Evidence is mounting that mutation rates are sufficiently high for deleterious alleles to be a major evolutionary force affecting the evolution of sex, the maintenance of genetic variation, and many other evolutionary phenomena. Though point estimates of mutation rates are improving, we remain largely ignorant of the biological factors affecting these rates at the individual level. Of special importance is the possibility that mutation rates are condition-dependent with low-condition individuals experiencing more mutation. Theory predicts that such condition dependence would dramatically increase the rate at which populations adapt to new environments and the extent to which populations suffer from mutation load. Despite its importance, there has been little study of this phenomenon in multicellular organisms. Here, we examine whether DNA repair processes are condition-dependent in Drosophila melanogaster. In this species, damaged DNA in sperm can be repaired by maternal repair processes after fertilization. We exposed high- and low-condition females to sperm containing damaged DNA and then assessed the frequency of lethal mutations on paternally derived X chromosomes transmitted by these females. The rate of lethal mutations transmitted by low-condition females was 30% greater than that of high-condition females, indicating reduced repair capacity of low-condition females. A separate experiment provided no support for an alternative hypothesis based on sperm selection.

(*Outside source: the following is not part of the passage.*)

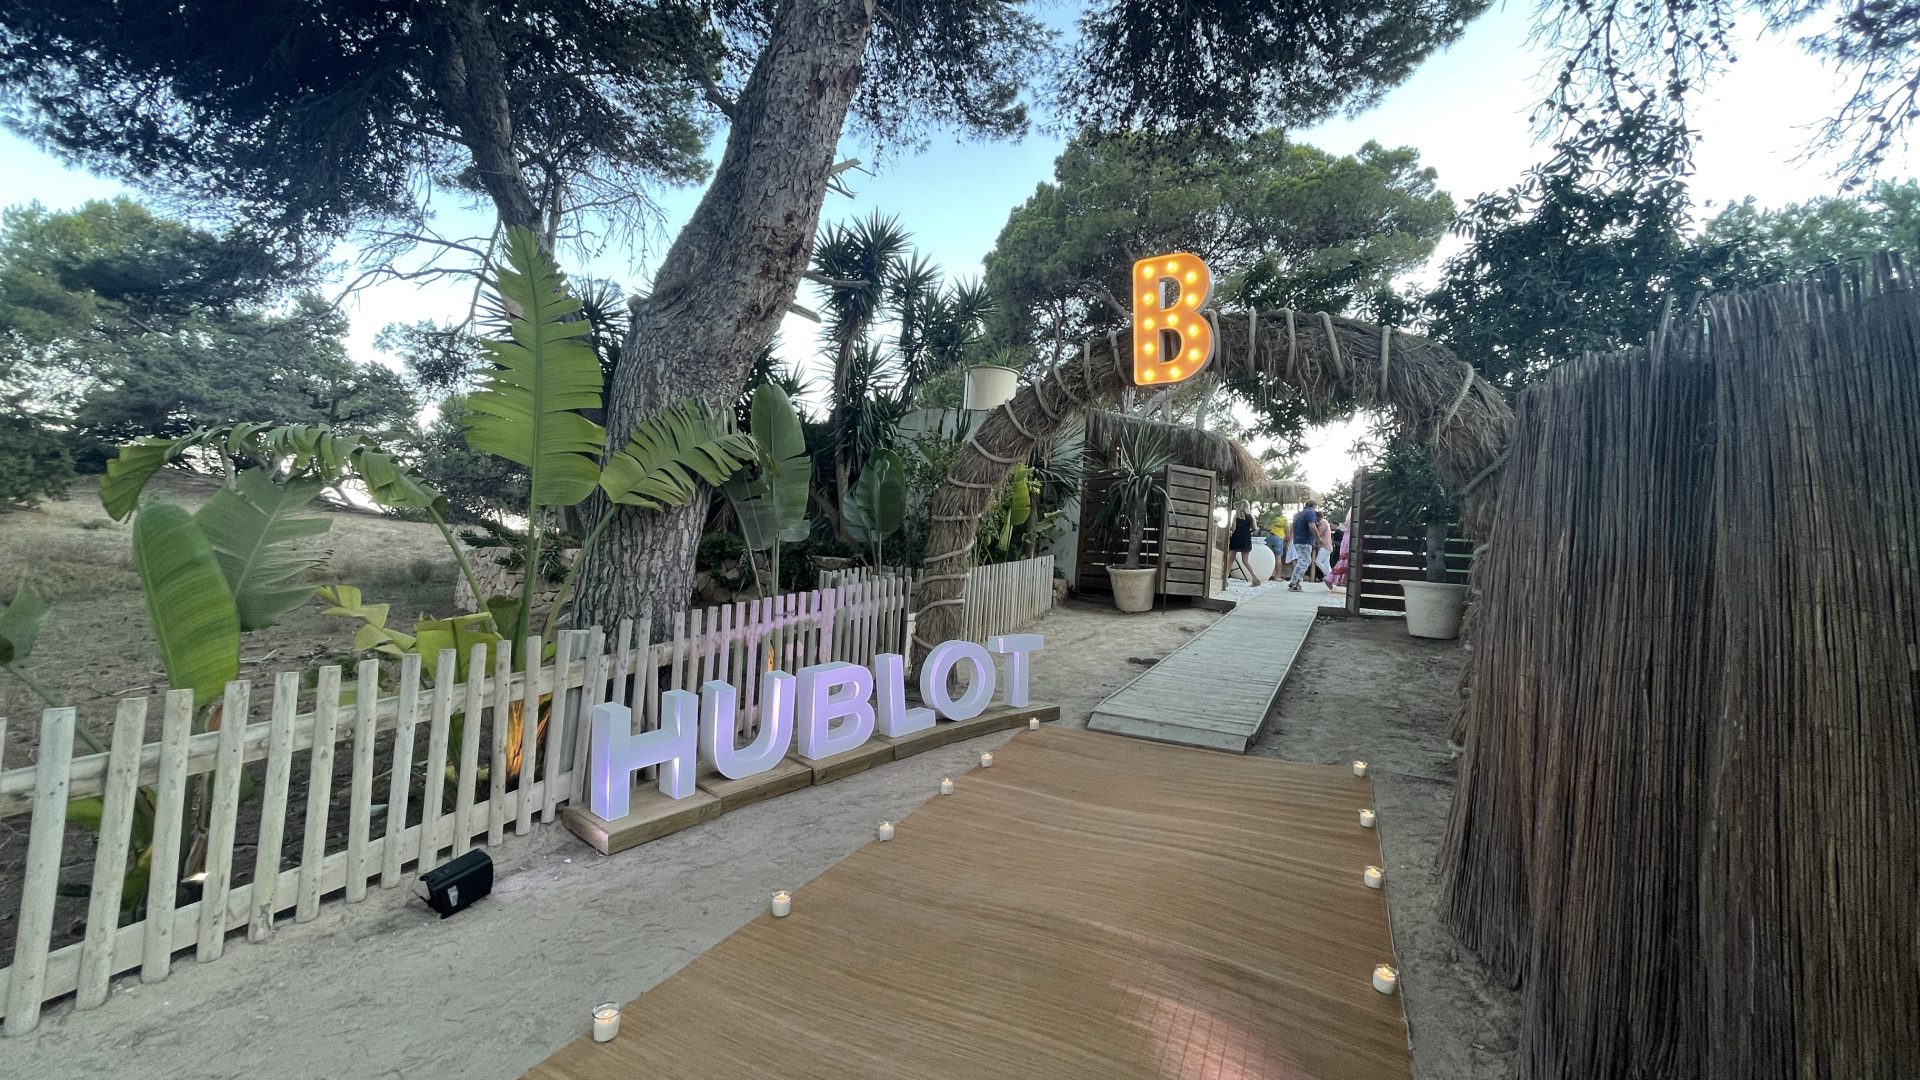 Hublot at Beso Beach Ibiza

Figure 1. Crossing Design for Detection of Sex-Linked Recessive Lethal Mutations

In the parental cross, high- or low-condition females of genotype Basc/X were mated to wild-type males who had been mutagenized with MMS. From each mother, four to ten F₁ daughters were placed in individual vials to lay eggs. Each of these daughters carried a paternally inherited (mutagenized) X chromosome, denoted as X_i in grey. These females had been allowed to mate with their brothers, which means they could have mated to either X/Y or Basc/Y males though offspring arrays indicate that it was usually the former as depicted here. Regardless of the F₁ male, 25% of the F₂ offspring are expected to be X_i / Y (wild-type) males (shown in dashed box). However, if there is a recessive lethal (or near lethal) on X_i, then X_i / Y males will be absent or very rare. We attempted to classify each X_i as carrying a (near) lethal or as not doing so, depending on the likelihood of obtaining the observed frequency of X_i / Y males when the expected frequency was 25% (no lethal) relative to the likelihood when the expected frequency was 2.5% (near lethal). If there was not sufficient evidence from the distribution of F₂ progeny to classify an X_i in either of these two categories, then that X_i was excluded from further analysis. See Materials and Methods for details.